Object put(Object key, Object value)

K is the type of key used for the map, and V is the value. In our original example, our Map should be replaced with Map<String,Value> because it maps keys of type String to values of type Value. The main advantage of using these is you no longer need to cast elements when they are returned from the collection. So a get call on a List<T> or Map<K,V> returns a value of type T or V respectively, not simply an Object which has to be cast manually by the user. In reality, backwards compatibility means these casts are still being inserted by the compiler, but for it to do this it must have been determined to be safe to do so.

So how do we clean up these warnings? It means going through the code and adding appropriate type parameters to our collections. This isn’t always as easy as it sounds. In some cases, the collection will only be used with one type so it’s simply a matter of determining what that is (usually by looking for the casts when objects are retrieved from the collection — these casts can soon be removed). However, because raw collections take Objects as input, there can be a mix of types so a common supertype has to be found.

In some cases, this has to be Object. So, you may think, what’s the point of turning Map into Map<Object,Object>? Surely they are the same thing. No they’re not, and this is one of the more interesting aspects of collections and one you’ll especially come across when you have to deal with using a raw collection coming from legacy code without generating unchecked warnings. Map the raw type is actually equivalent to Map<?,?>, where ? represents a wildcard. Wildcards allow the use of existential types; instead of having a strict instantiation of a type parameter, we can refer to any type within certain bounds. By default, a wildcard has an upper bound of Object and a lower bound of null i.e. Map<?,?> is the same as Map<? extends Object super null, ? extends Object super null>. What does this say in English? It says that the keys and values of the map are of some type that extends Object but we don’t know exactly what. In contrast, Map<Object,Object> says that the keys and values must be Objects.
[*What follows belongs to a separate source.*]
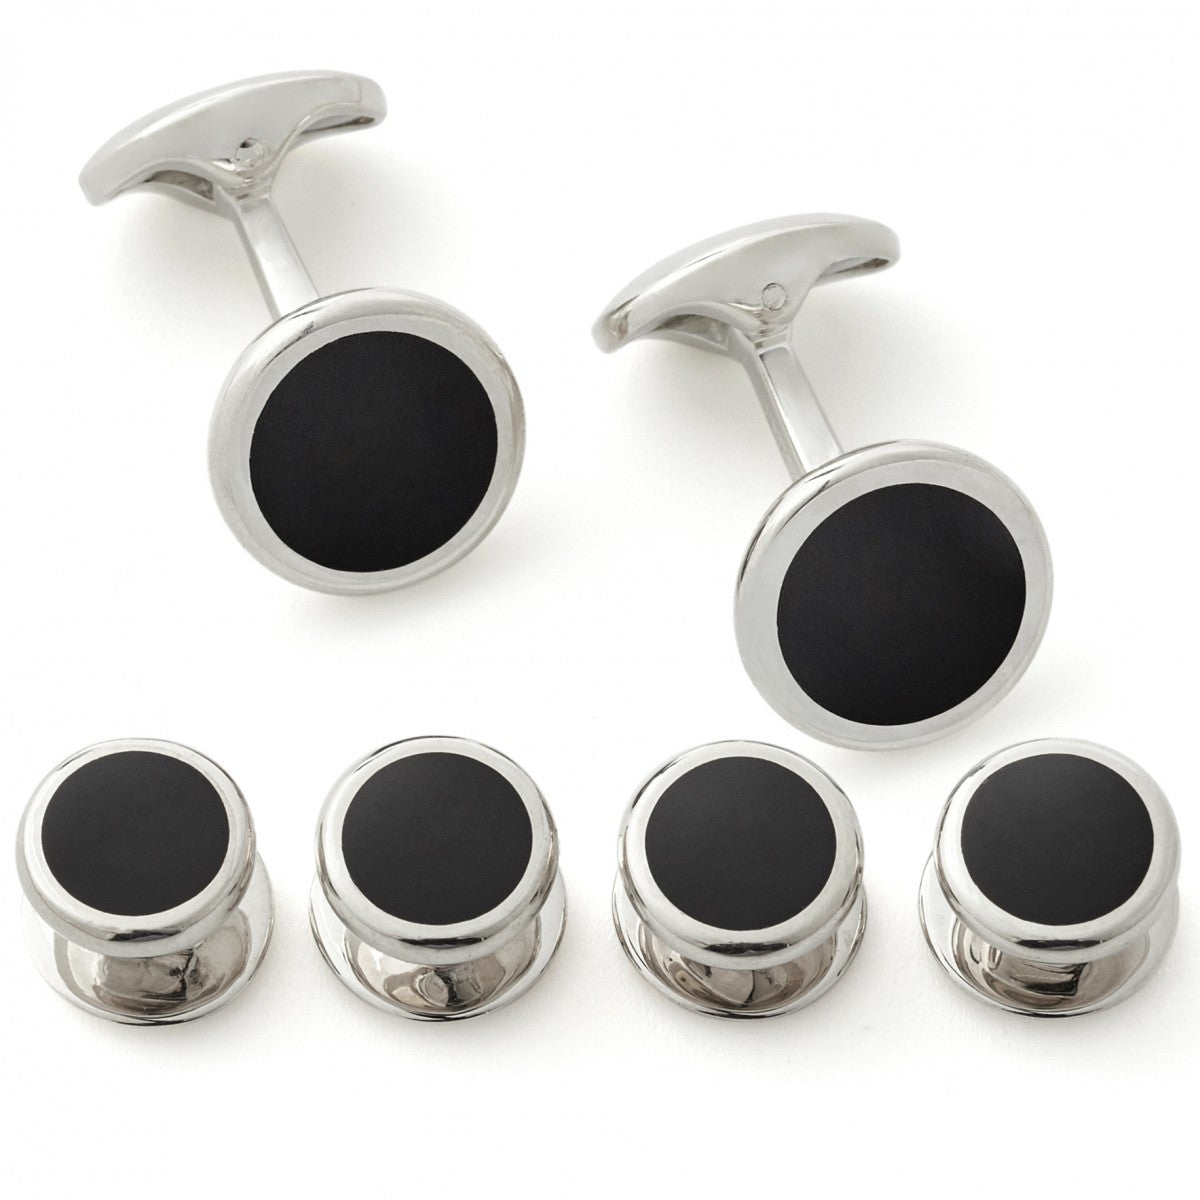 Deakin and Francis Round Black Cufflinks and Studs Set, Sterling Silver and Black Onyx

We don’t want to work with wildcard types practically because we can’t have variables of type ?. Instead, we use them when importing and exporting from parameterized types. For example, to import objects from a collection, addAll is not defined as:

void addAll(Collection<T> t)

because doing so would mean that we can only take objects from collections of exactly the same type. Instead, we want to also allow collections of some subtype. For example, a collection of Objects should be allowed to be filled from a Collection of Strings. The above signature doesn’t allow this, but:

void addAll(Collection<? extends T> t)

does. This says that the collection from which the elements are to be taken must contain objects of some type which is a subtype of T. A similar example for super is the use of Comparator<? super T>. When we want something that can compare two objects of type T, we can work with both something that can compare two elements of type T but we can also use a more general comparison method that compares some supertype. For example, a Comparator<Object> can be used to compare Strings. In this case, we can’t go the other way; it would be inappropriate to try using a Comparator for Integers to compare general Number instances.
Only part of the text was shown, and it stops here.